MAR 25: Steve Berry’s The Malta Exchange, Kris Frieswick’s The Ghost Manuscript, & Elise Hooper’s Learning to See

Today, Vicki chats with three authors who weave historical twists with fictional tales to create suspenseful page turners!

First, returning guest Steve Berry is noted for his mastery of blending fiction and history into a cocktail of intrigue and deception.  The Malta Exchange, The latest in his best-selling Cotton Malone series, finds the titular character caught in a web of Vatican intrigue that involves the Knights of Malta and lost documents that could change history.

Steve’s novels have been translated into 40 languages with 20,000,000 copies in 51 countries.

Next, Kris Frieswick’s 20 years of writing experience didn’t prepare her for the journey as she embarked on her first novel.  The Ghost Manuscript is Indiana Jones with a female lead — we see our heroine on a quest to find King Arthur’s tomb that takes readers from Wales, to Boston and eventually to Cape Cod.

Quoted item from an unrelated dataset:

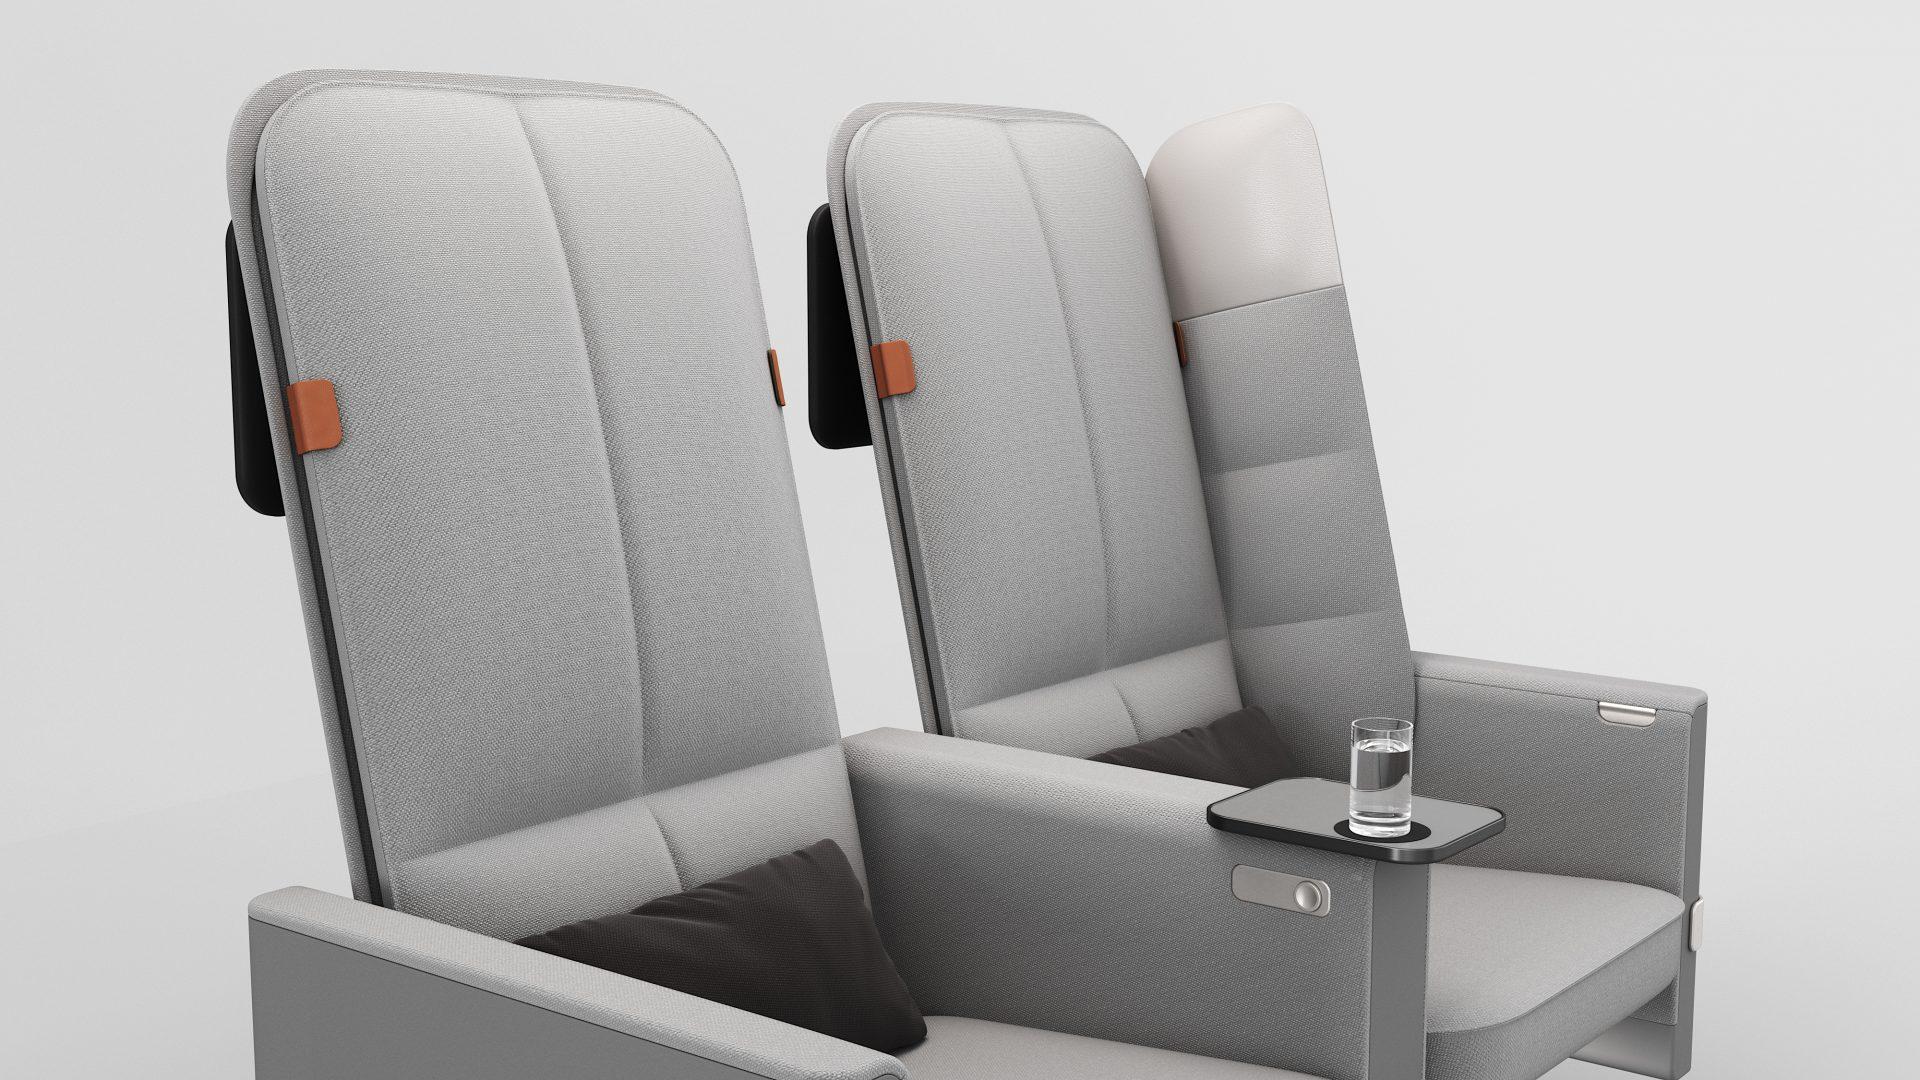 universal-movement-seat

Kris is a journalist, editor, humorist, teacher and author whose work has appeared in national magazines, newspapers and books for more than 20 years.

Finally, Seattle based author Elise Hooper gives readers a peek into the life of photographer Dorothea Lange … the woman who captured the real America … in Learning to See.

Elise has taught high school English and history and enjoys highlighting characters in her books who are real woman that have been often overlooked in history books.